▶ [Try it]: Find the line containing "She&rsquo;s taking home" in the data below and repeat it, along with all later lines, exactly through the last one.

▶ [Recorded information]:
──────
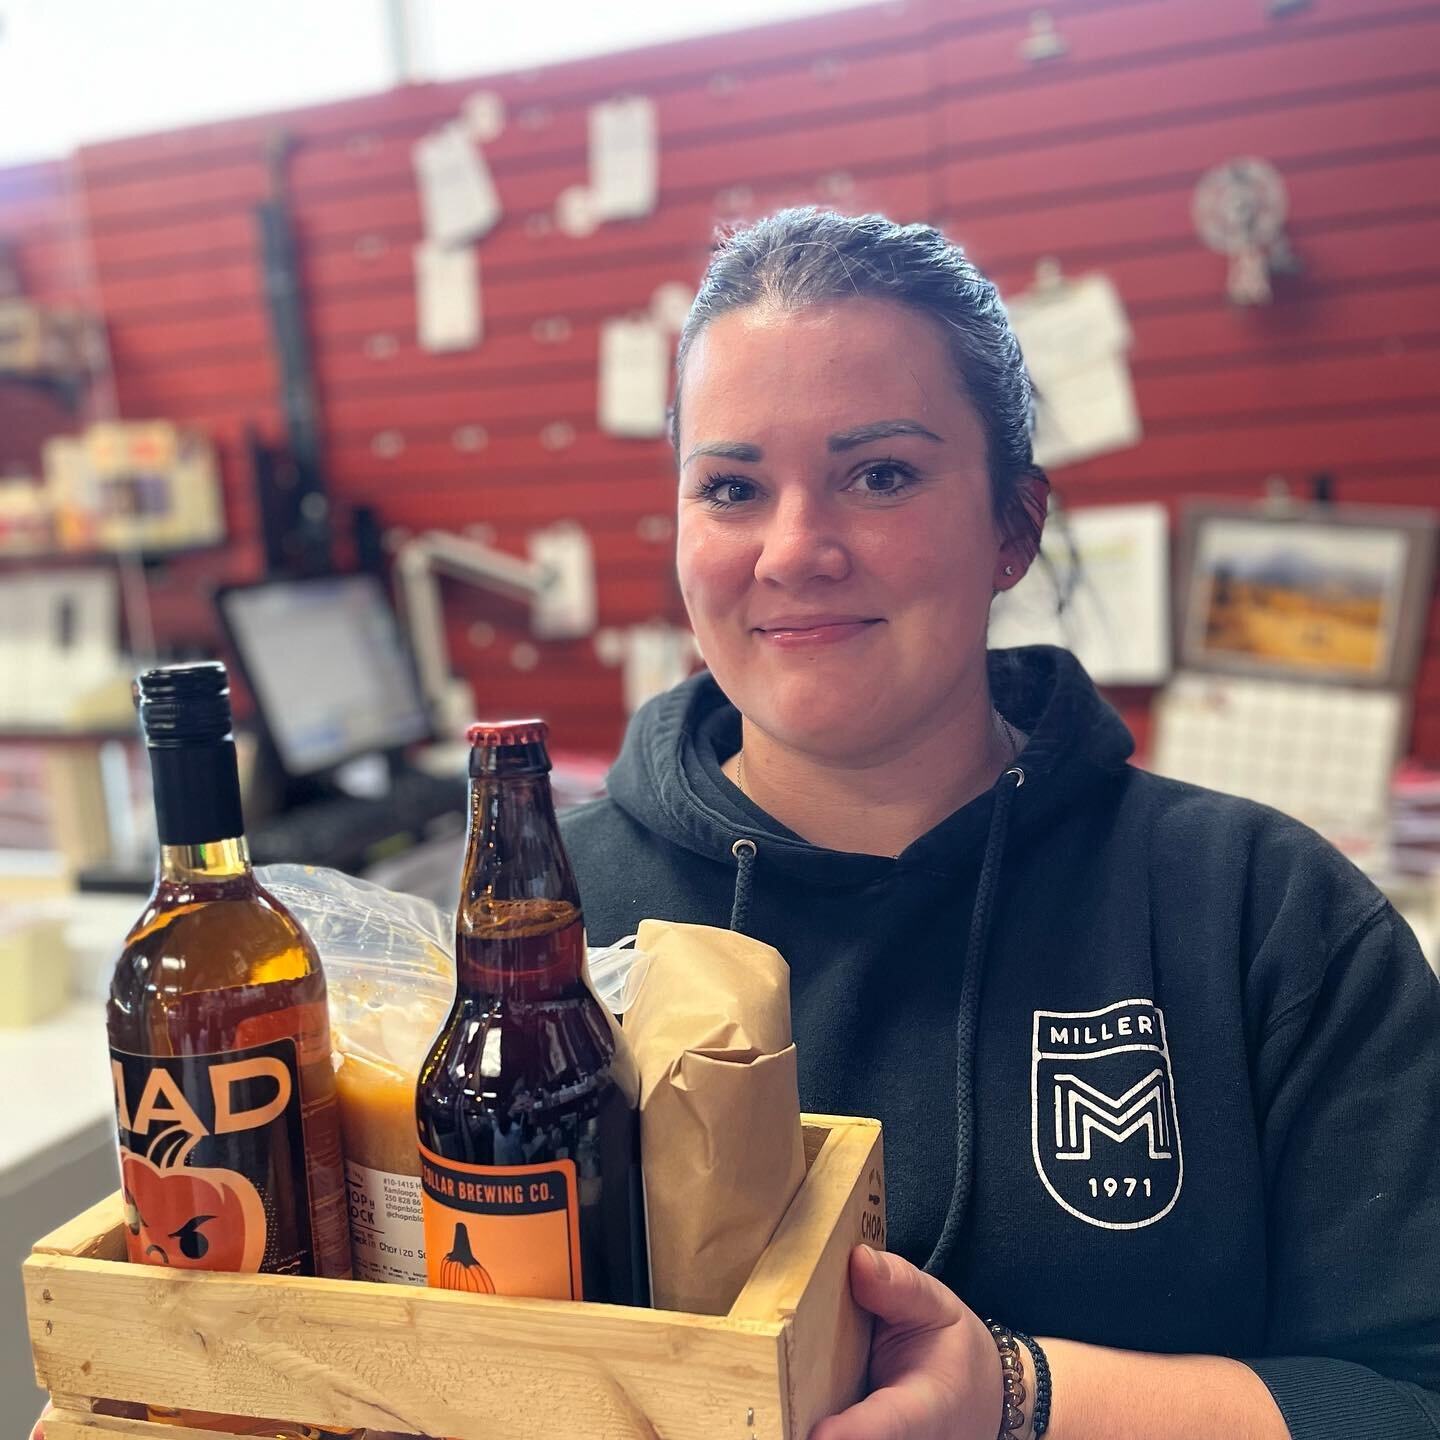 Our lovely Stephanie was voted favorite pumpkin for our carving contest! 
She&rsquo;s taking home a pumpkin basket complete with our pumpkin chorizo sausage, our housemade pumpkin soup, and some pumpkin bevies 🍺 🎃 

#pumpkincarvingcontest #pumpkinc
──────
▶ [Written solution]:
She&rsquo;s taking home a pumpkin basket complete with our pumpkin chorizo sausage, our housemade pumpkin soup, and some pumpkin bevies 🍺 🎃 

#pumpkincarvingcontest #pumpkinc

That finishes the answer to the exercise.